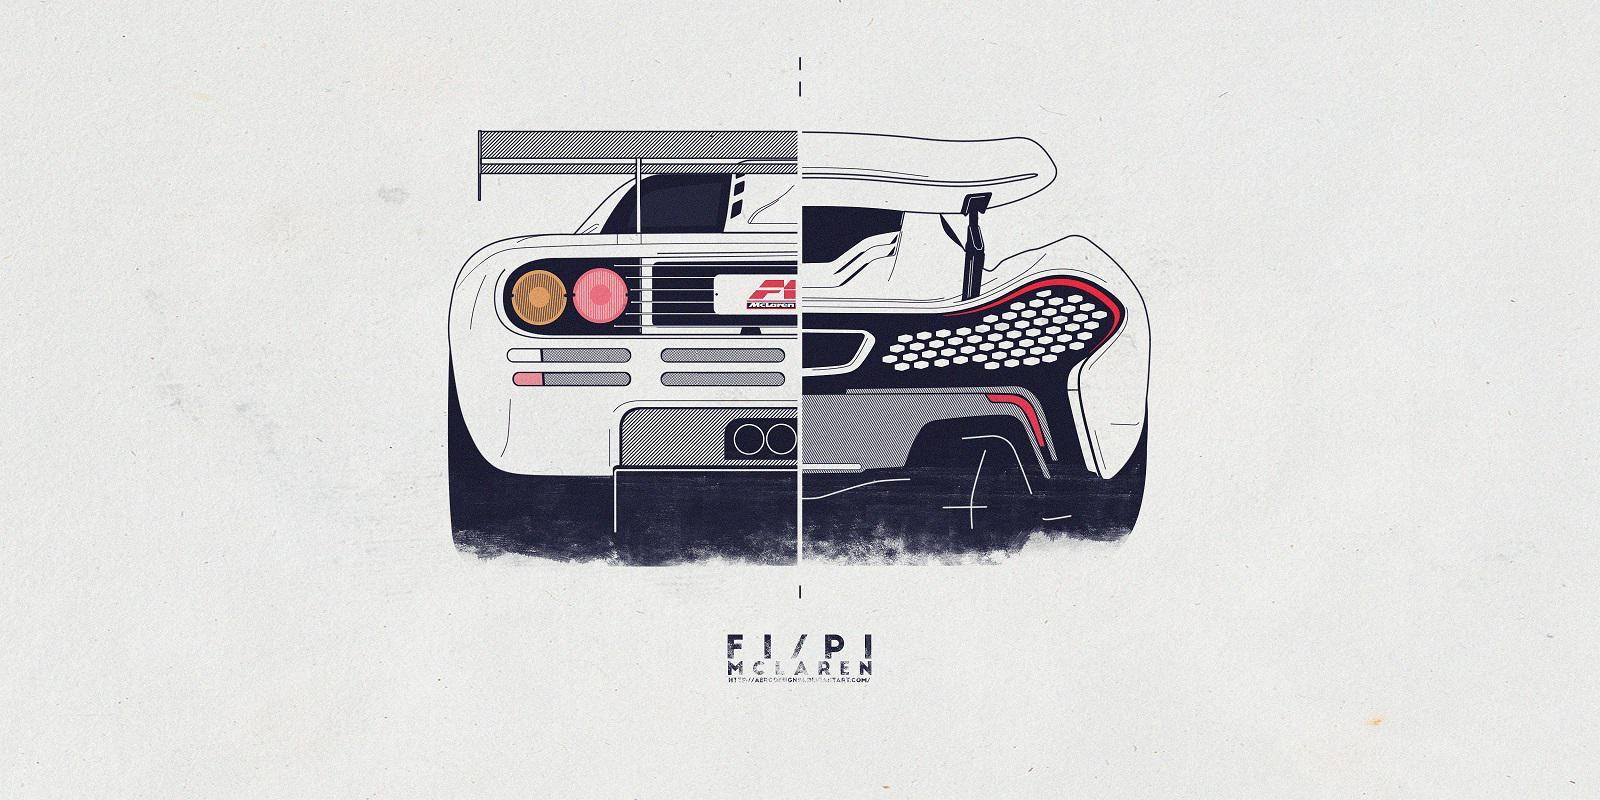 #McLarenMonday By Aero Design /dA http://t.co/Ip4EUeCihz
==
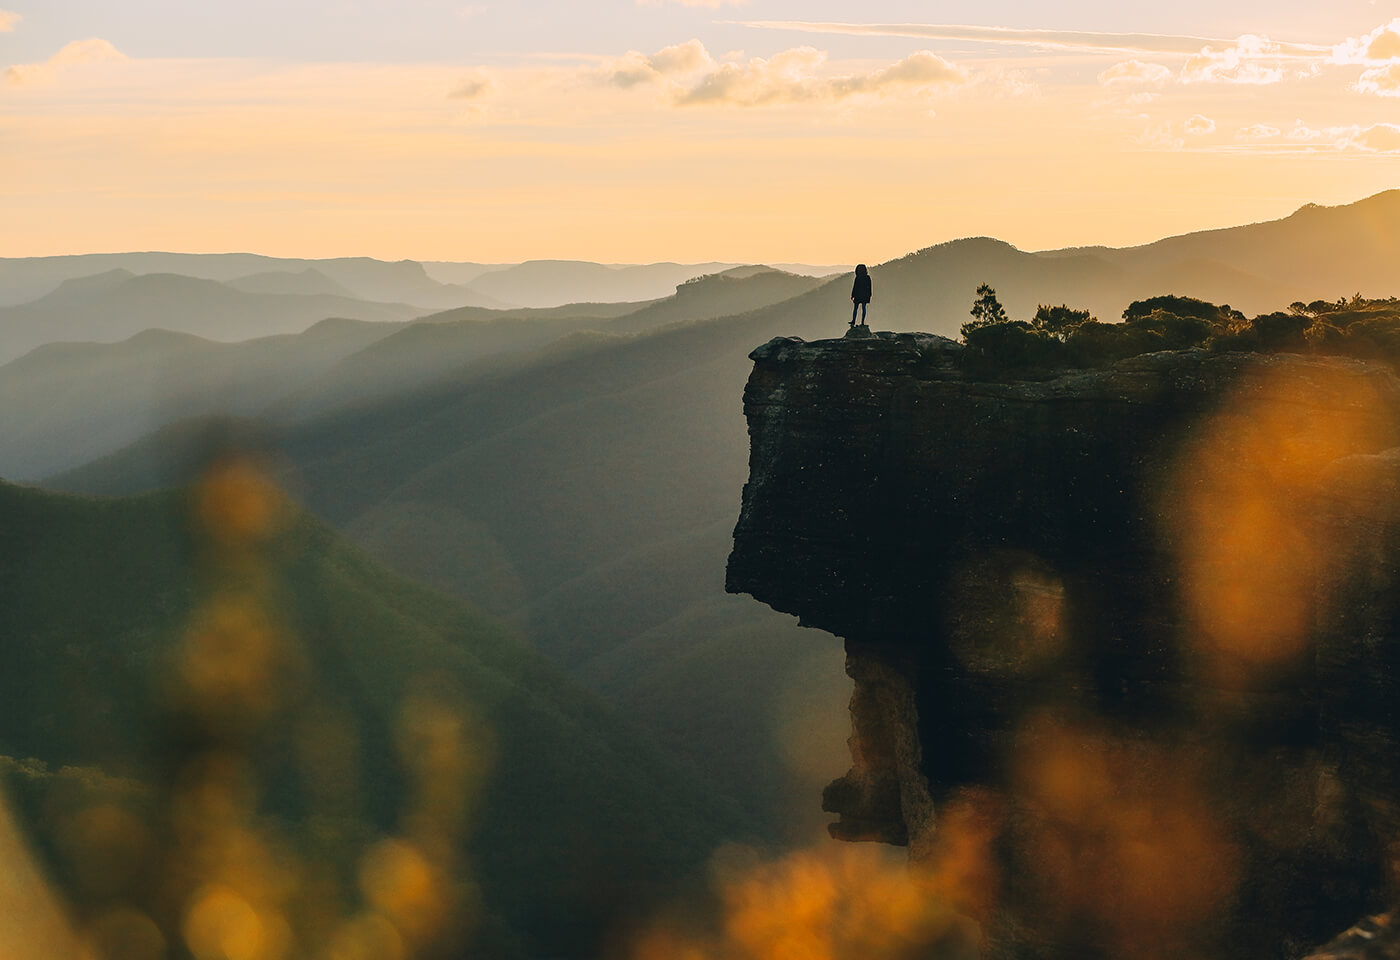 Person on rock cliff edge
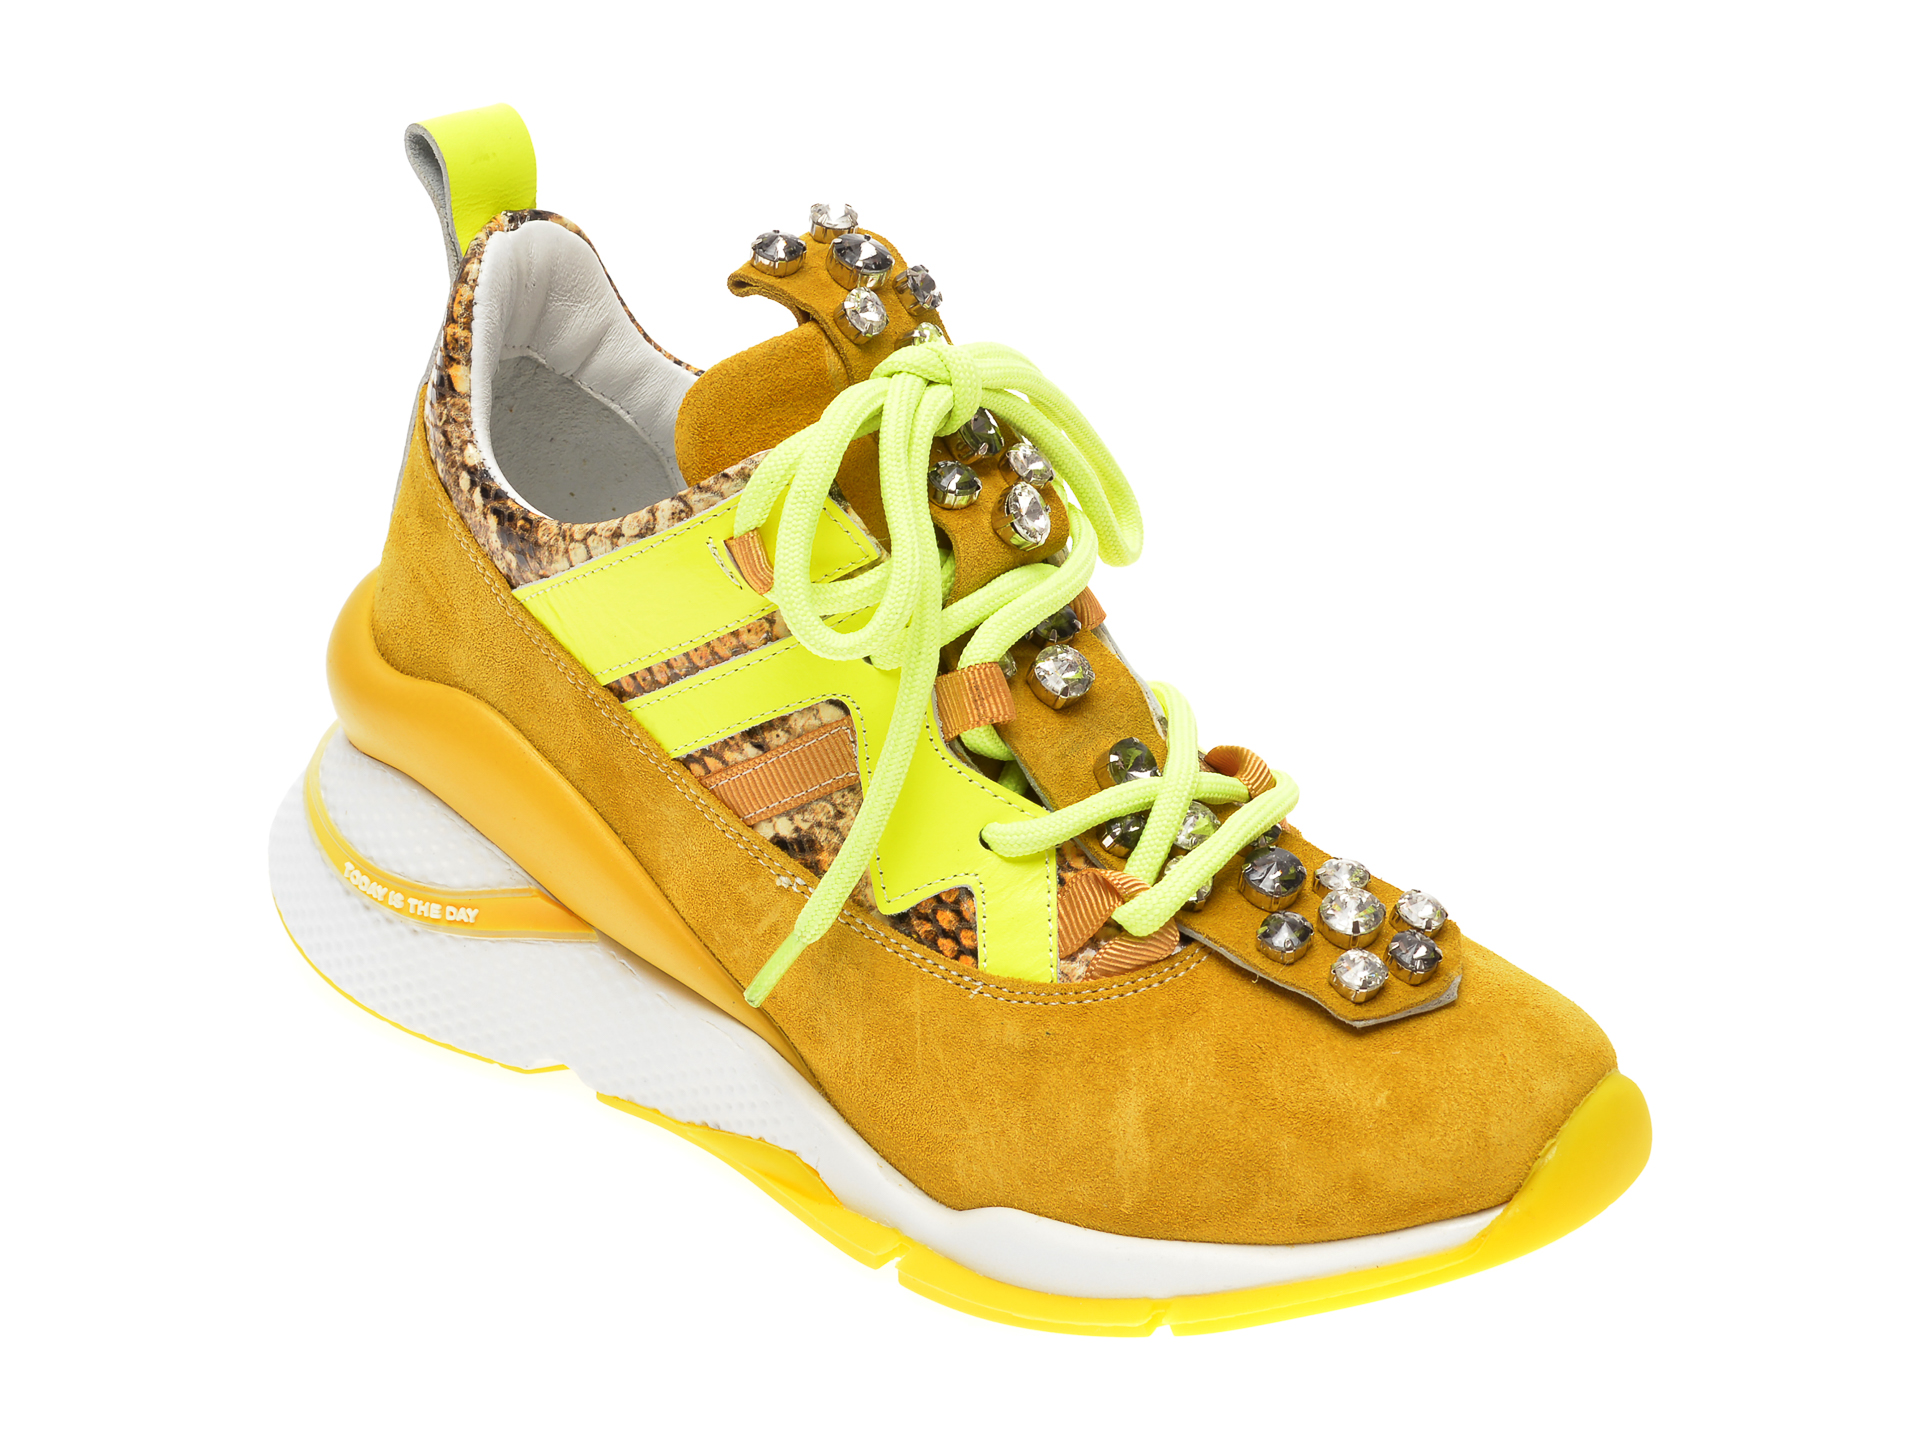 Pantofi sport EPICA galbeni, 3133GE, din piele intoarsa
==
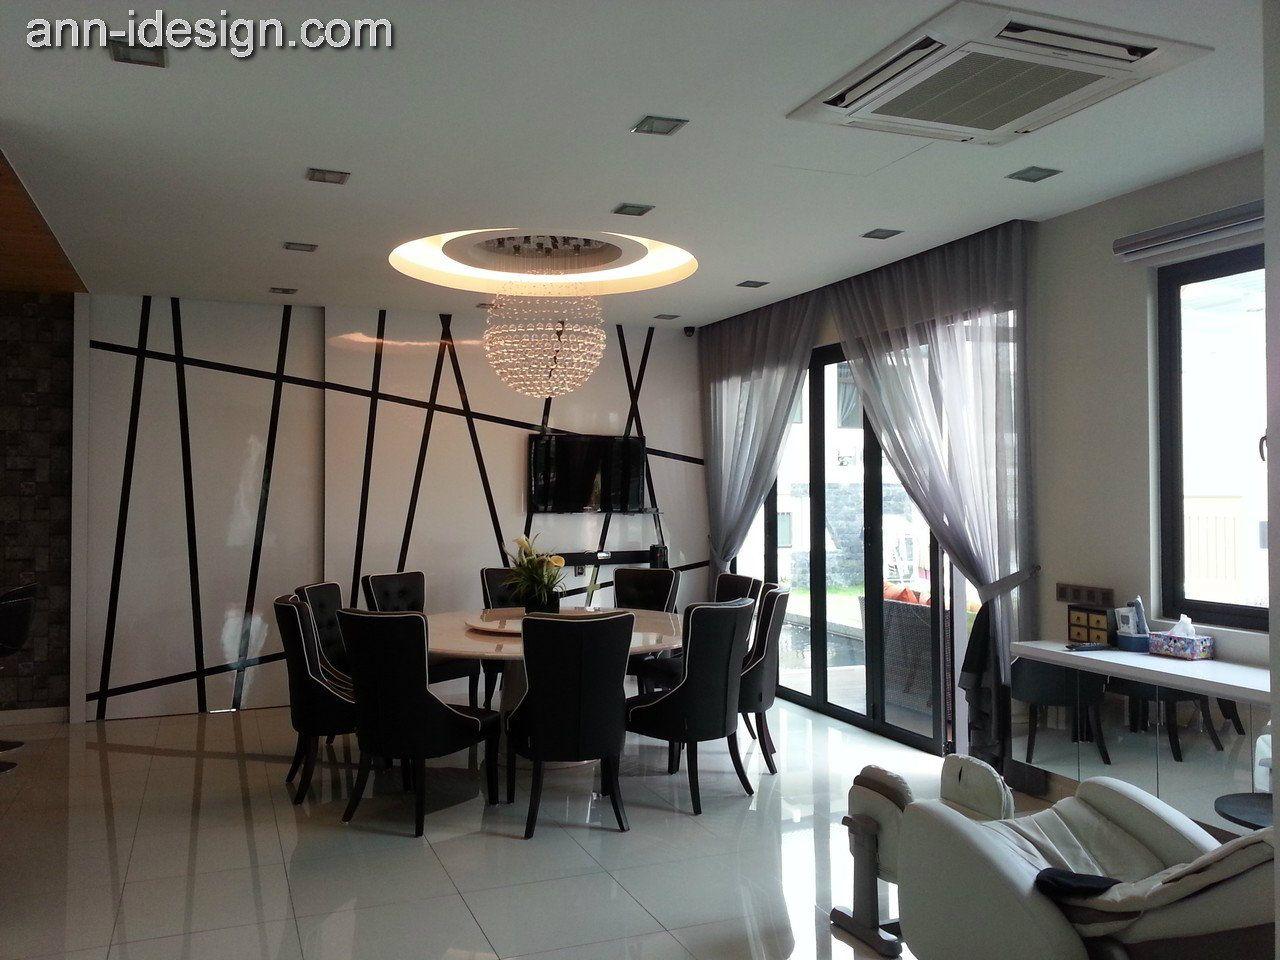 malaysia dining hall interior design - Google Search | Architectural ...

**Problem**
Copy exactly the material above from the line with "Person on rock cliff edge" to the line with "Pantofi sport EPICA", ends included, and nothing else. Leave out any picture.

**Result**
 Person on rock cliff edge
 Pantofi sport EPICA galbeni, 3133GE, din piele intoarsa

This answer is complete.